What does FOB Mean in Shipping Terms?

Free on Board, or FOB is an Incoterm, which means the seller is responsible for loading the purchased cargo onto the ship, and all costs associated. The point the goods are safe aboard the vessel, the risk transfers to the buyer, who assumes the responsibility of the remainder of the transport.  

FOB is the most common agreement between an international buyer and seller when shipping cargo via sea. This Incoterm only applies to sea and inland waterway shipments.

What are the Seller’s Responsibilities?

When entering into a sales contract with the Incoterms of FOB, the seller assumes the following responsibilities: 

  • Export Packaging: Arranging all export packaging so the cargo can be shipped safely.
  • Loading Charges: Any expenses incurred during the loading process at the seller’s warehouse.
  • Delivery to Port: Trucking fees incurred while moving the cargo from the warehouse to the port of loading.
  • Export Duty, Taxes & Customs Clearance: Ensuring the cargo is exported correctly.
  • Origin Terminal Handling Charges: The seller is responsible for OTHC.
  • Loading on Carriage: The seller is responsible for the costs incurred to load the cargo onto the carriage. 

What are the Buyers Responsibilities?

When a buyer agrees to purchase goods under the Incoterms of FOB, they consent to the following responsibilities and risks: 

  • Freight Charges: Carriage charges to ship the cargo from the port of loading to destination. 
  • Insurance: Under FOB, freight insurance is not a requirement; however, it is the buyer’s decision if they would like to purchase an insurance policy for their shipment.
  • Destination Terminal Handling Charges: The buyer is responsible for DTHC. 
  • Delivery to Destination: Once the cargo is unloaded from the carriage, the buyer is responsible for the final carrier fee to deliver the load to their destination. 
  • Unloading at Destination: In the event of any expenses incurred during the unloading process at the buyer’s warehouse, the buyer is responsible. 
  • Import Duty, Taxes & Customs Clearance: The buyer is responsible for all taxes and fees associated with customs clearance. In the event of dunnage, penalties, or delays, the buyer must cover the charges and risks associated with it. 

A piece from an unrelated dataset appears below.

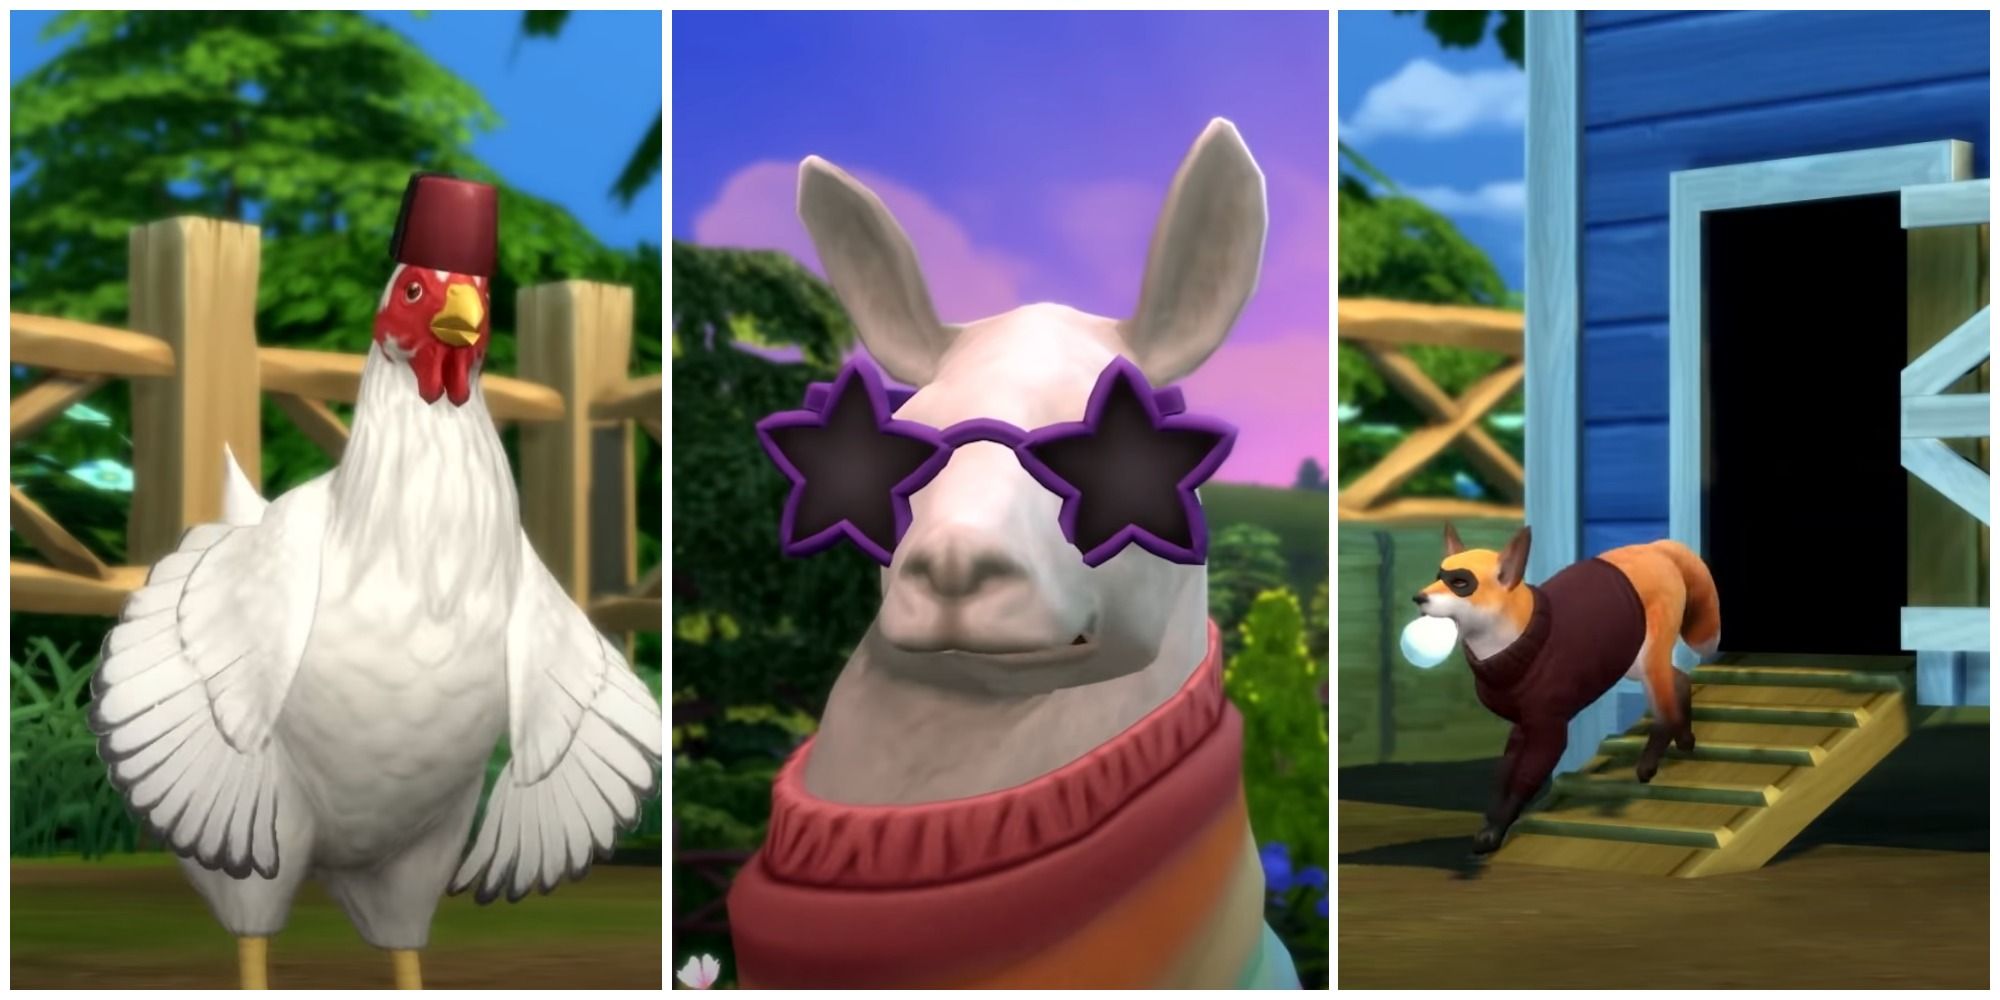 Sims 4: Cottage Living - All Animals Ranked

Advantages of Shipping FOB for the Buyer

There is a reason FOB shipping is so popular amongst buyers and sellers; each party’s responsibilities give them the most control while the cargo is in their territory. The advantage for the buyer when purchasing under FOB Incoterms is they have the most control over the logistics and shipping costs, which allow them to choose their shipping methods. 

FOB allows the buyer to select their freight forwarder for the entire shipment. Instead of relying on the supplier for part or all of the freighting process. The buyer only needs to rely on a single company throughout the transportation process, thus, minimizing the back and forth and potential for miscommunication between two shipping companies. 

FOB Incoterms are also the most cost-effective option, as it allows the buyer to shop for the best possible shipping rate. While the transfer of risk occurs when the goods are safely loaded onto the shipping vessel, the buyer’s forwarder is responsible for the entire transportation process. Once the cargo leaves the seller’s warehouse, the buyer is in possession of the load, and can better control the successful outcome of their shipment. 

Sellers appreciate FOB Incoterms as well because once the cargo leaves their factory, they can consider the sale complete. 

Disadvantages of Shipping FOB for the Buyer

There are little to no disadvantages to FOB for most buyers. For newer importers or importers who have always purchased under Incoterms where the seller organizes the freight costs, the process can seem more complicated, because there is an added step. However, the significant cost savings and control quickly outweigh this disadvantage. 

We also recommend that newer importers work with a China third-party logistics company company to assist them in the process. Importers lacking experience in FOB shipments are encouraged to tell their logistics company so the forwarder can walk them through the process more thoroughly and fully know what to expect before starting the shipment. 

When to Use and FOB Agreement

FOB is a viable agreement for most bulk cargo that will be shipped by sea. Buyers and sellers often confuse FOB by understanding the shipment can be sent by any mode of transportation; this is not correct. The International Commerce Center (ICC), explains FOB is only viable for sea and inland waterway shipments. When not shipping via sea, buyers and sellers could consider FCA as a comparative Incoterm which works for all modes of transport. 

We recommend buyers consider FOB Incoterms when they wish to use a China Freight Forwarder to organize their shipments. We suggest this because FOB will offer low unit pricing for the cargo sold while also allowing the seller to take partial responsibility for the freight for as long as it remains within their country. 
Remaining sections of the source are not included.